## GOAL OF THE EXERCISE
Everything from the line with "[お料理のみ] オウンド月~" to the end of the data below, both lines included, should be transcribed exactly; please omit the pictures.

## DATASET EXCERPT

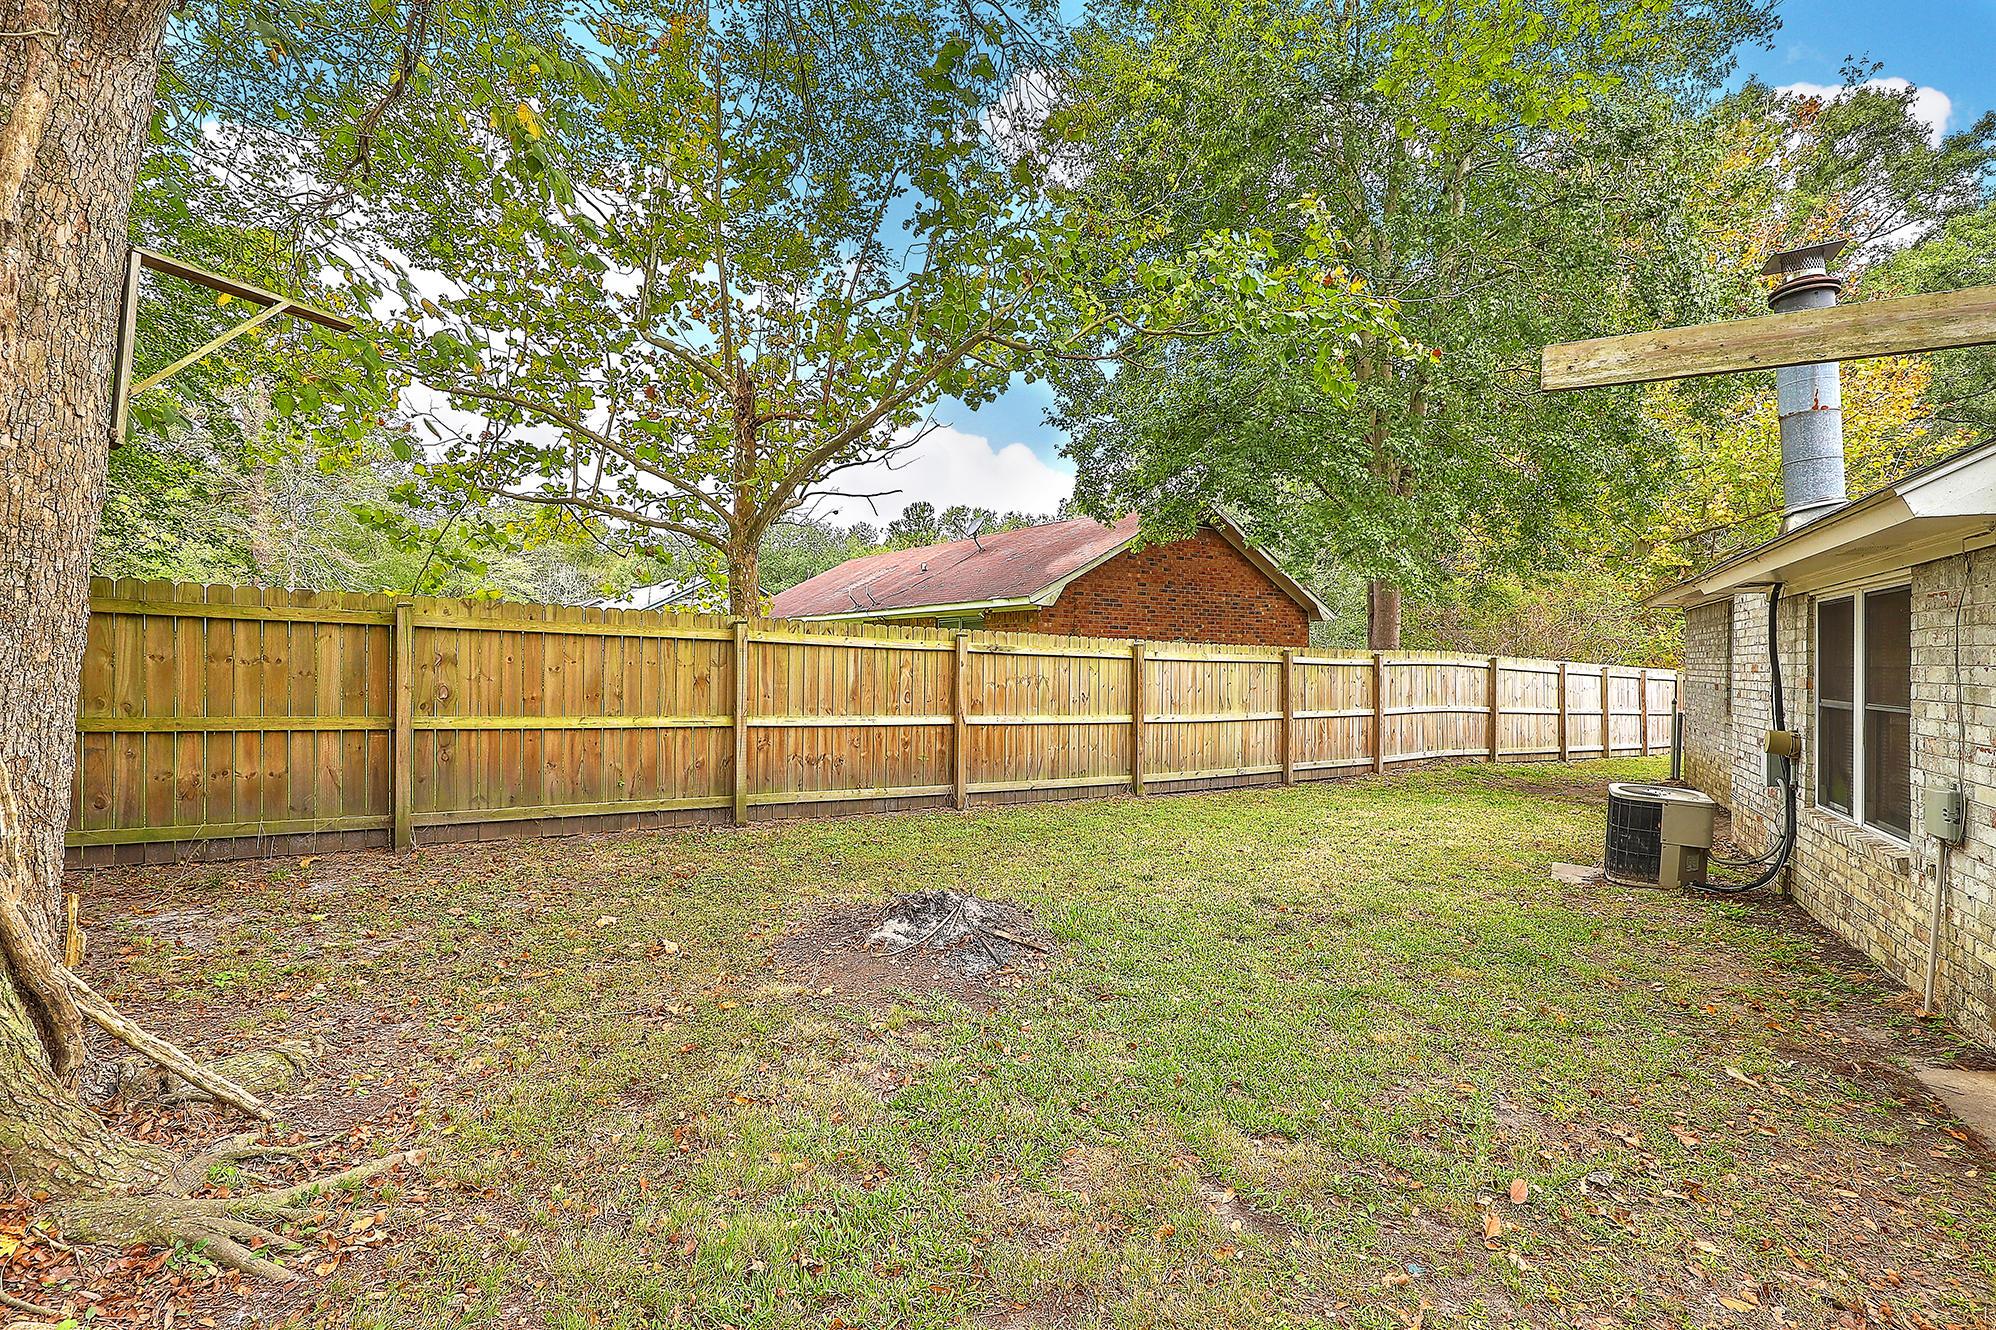 Willowbrook I Homes For Sale - 37 Delaware, Goose Creek, SC - 4
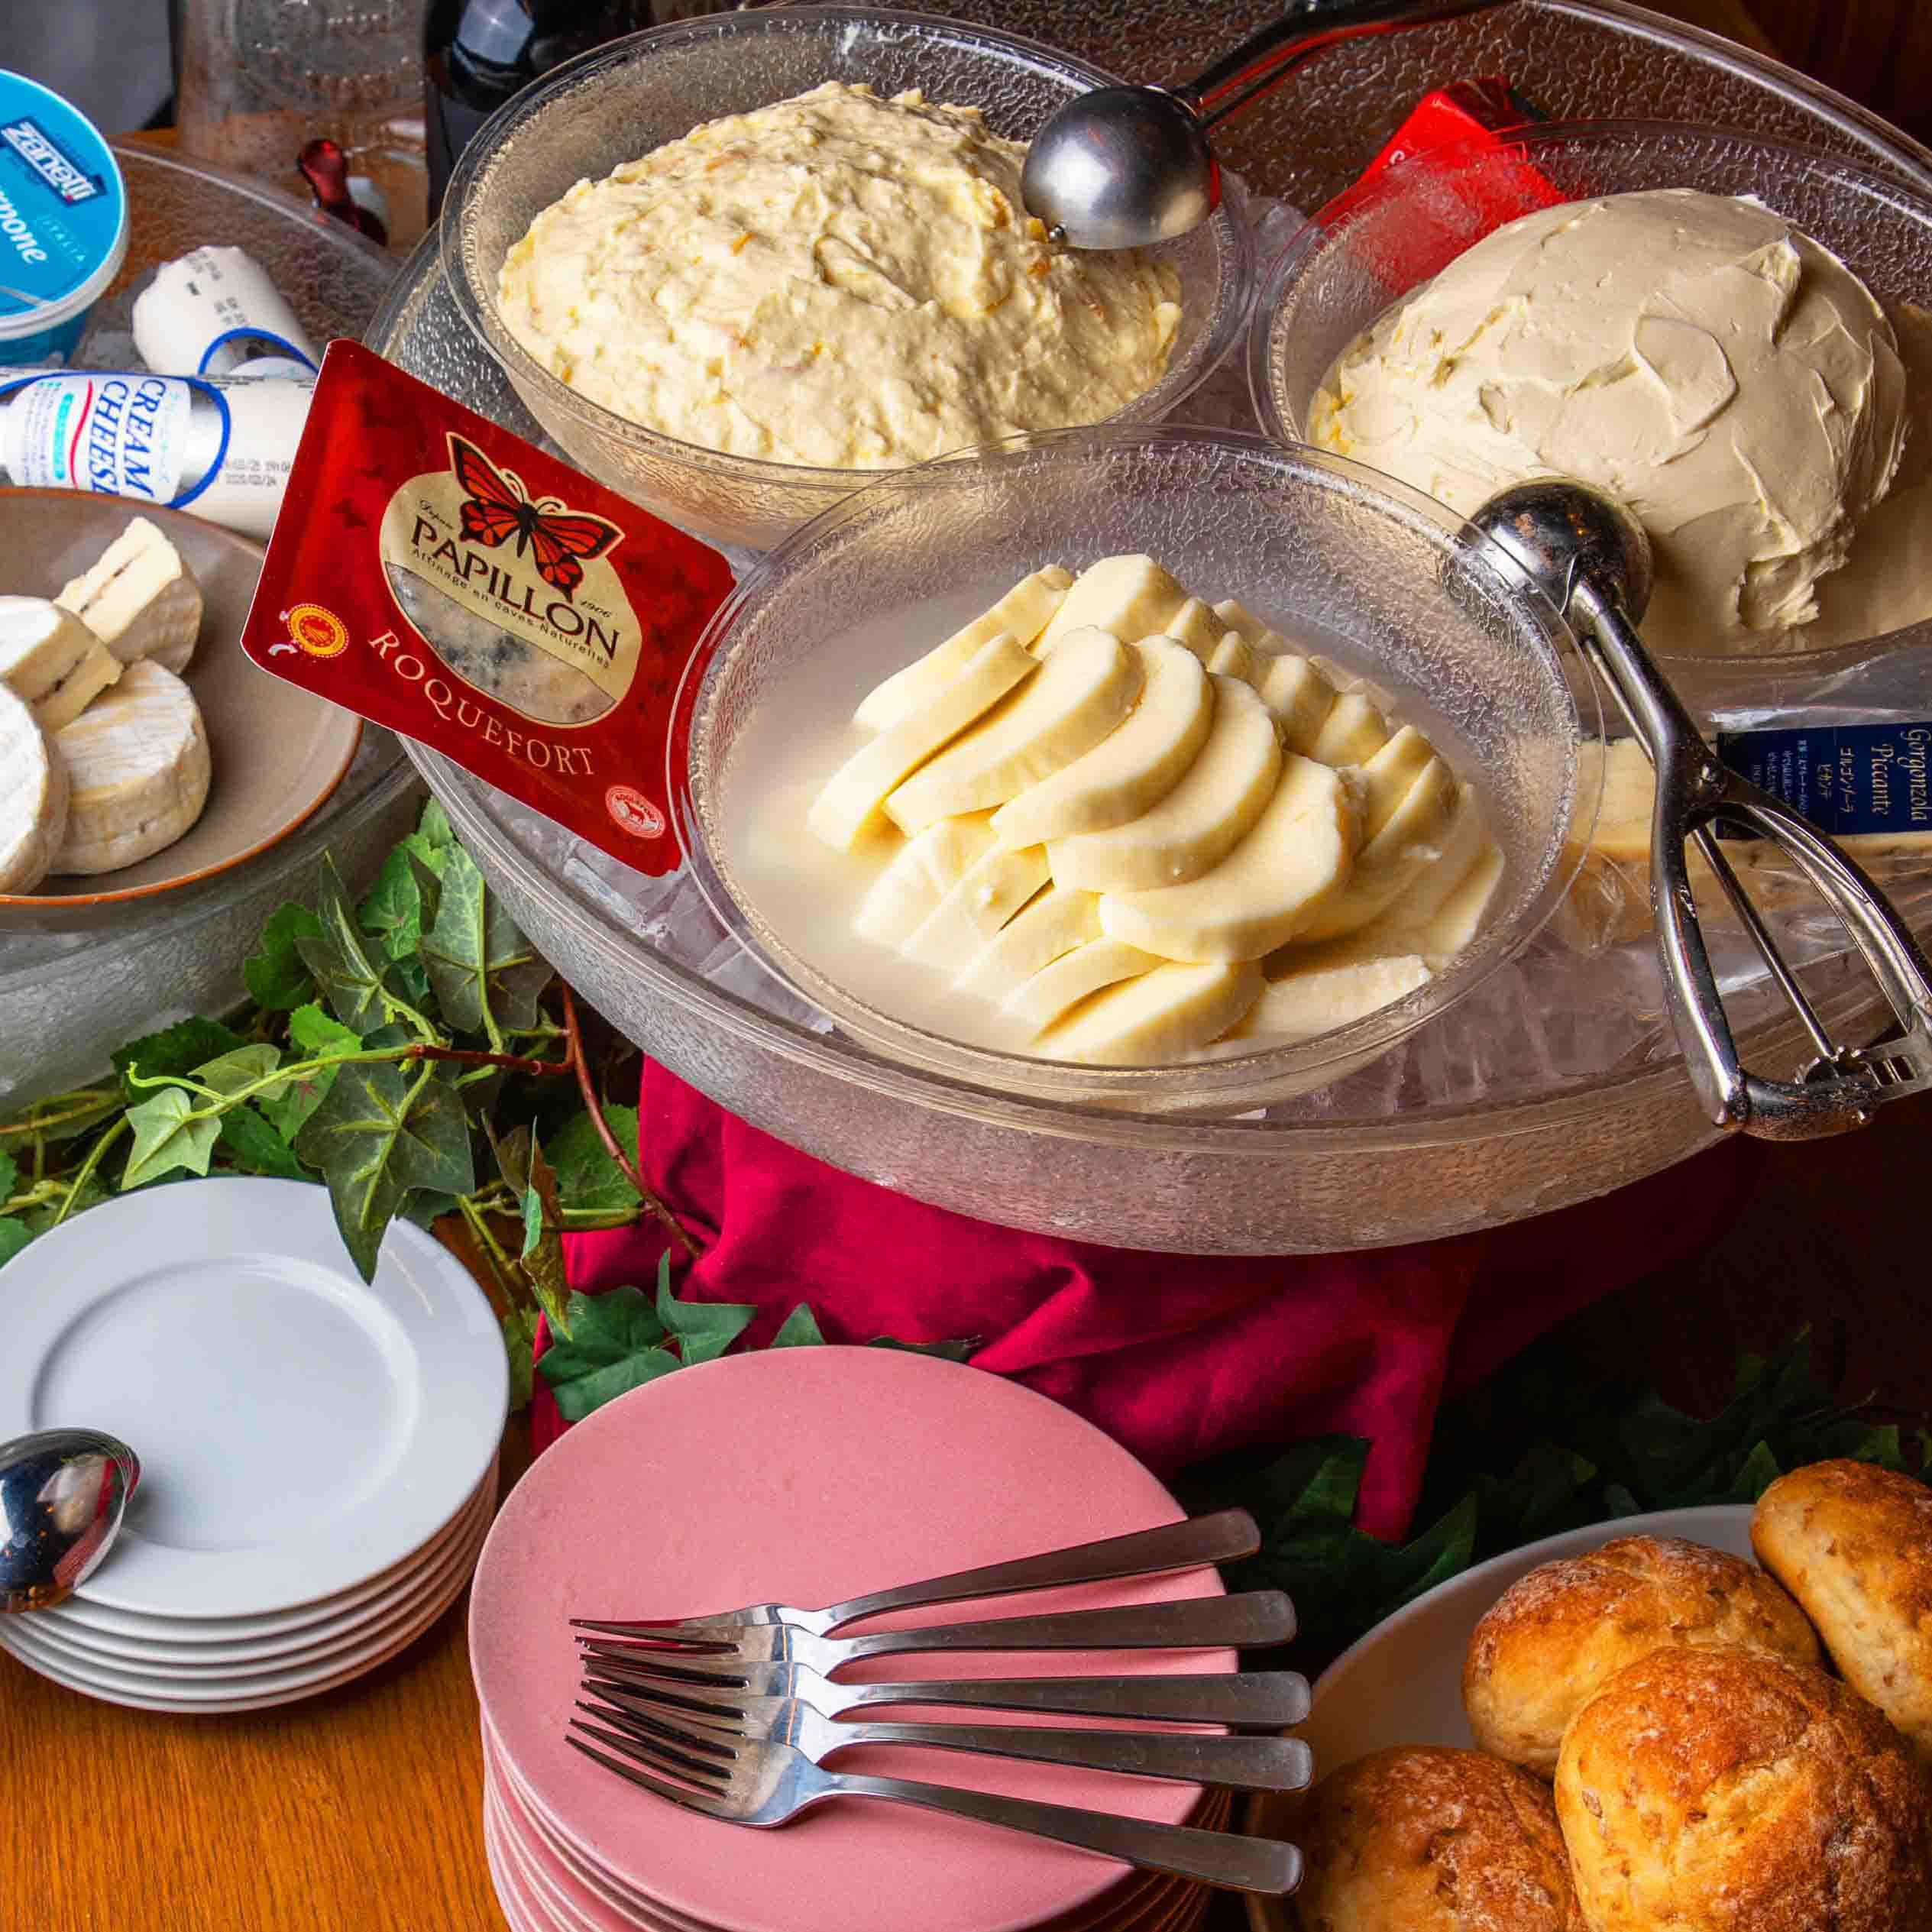 [お料理のみ] オウンド月~木限定5種チーズ食べ放題!プレミアムチーズビュッフェ6品
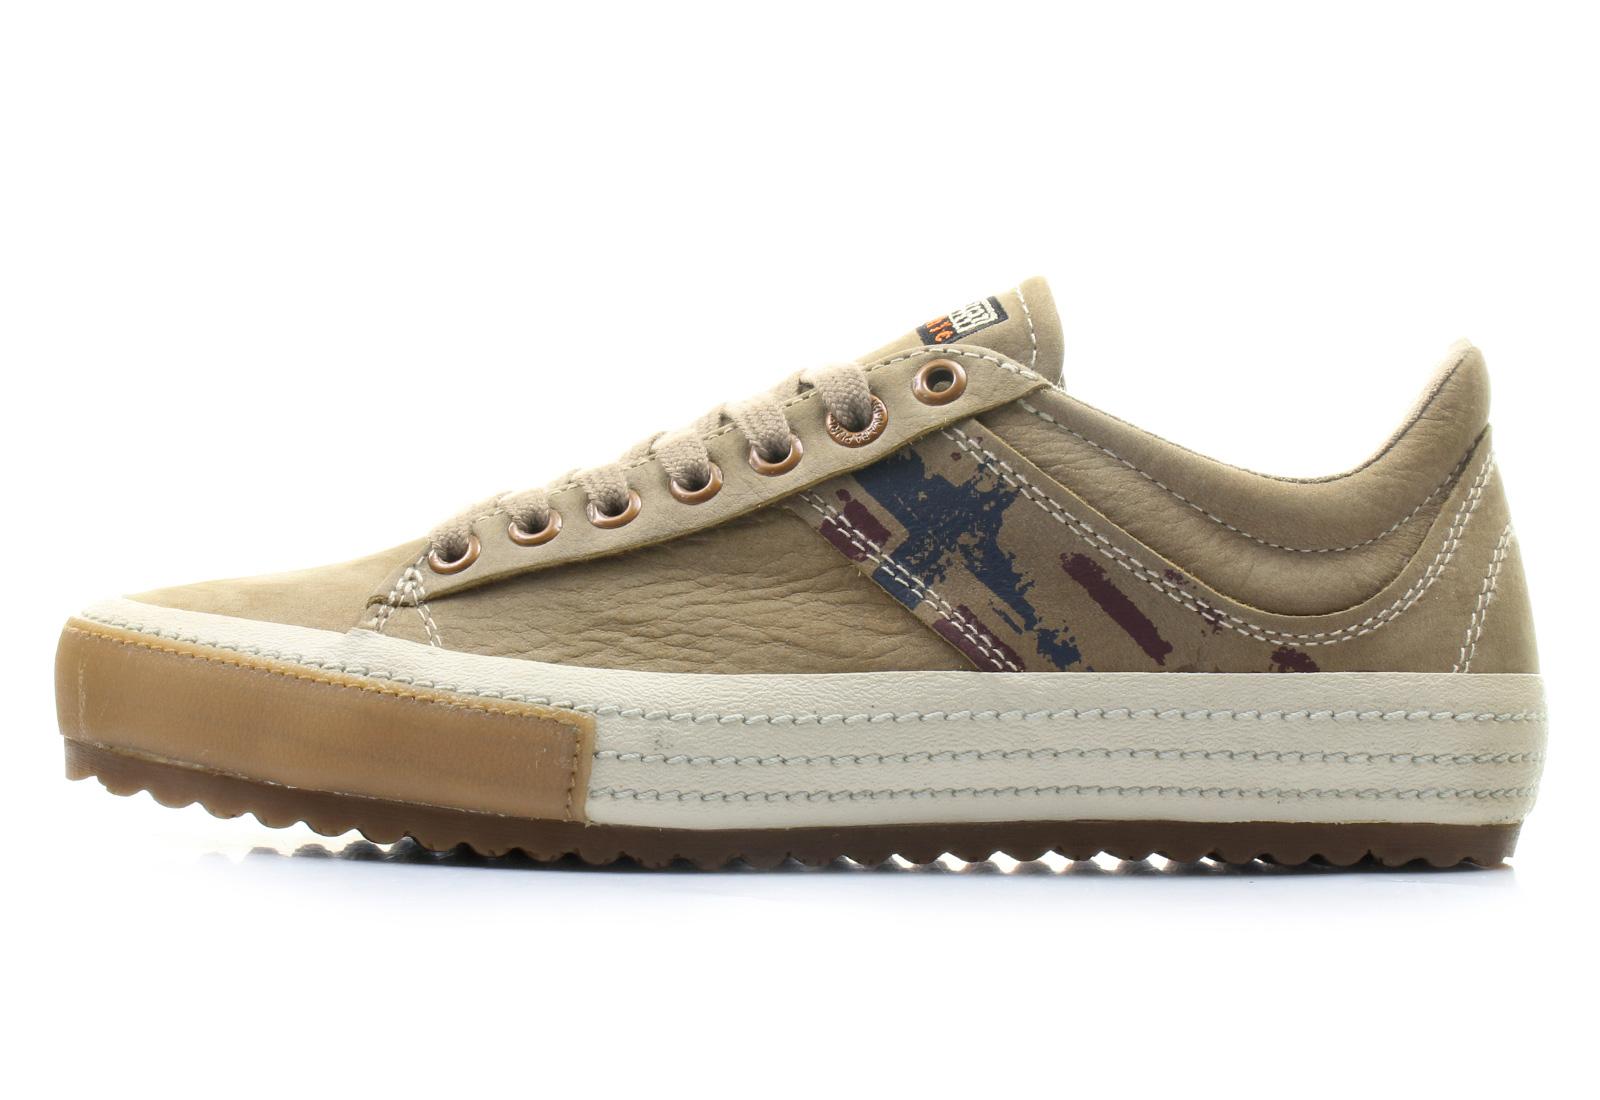 1a15746e2a2c Napapijri Cipő - Vince - 11831725-N42 - Office Shoes Magyarország

## WRITTEN ANSWER
 [お料理のみ] オウンド月~木限定5種チーズ食べ放題!プレミアムチーズビュッフェ6品
 1a15746e2a2c Napapijri Cipő - Vince - 11831725-N42 - Office Shoes Magyarország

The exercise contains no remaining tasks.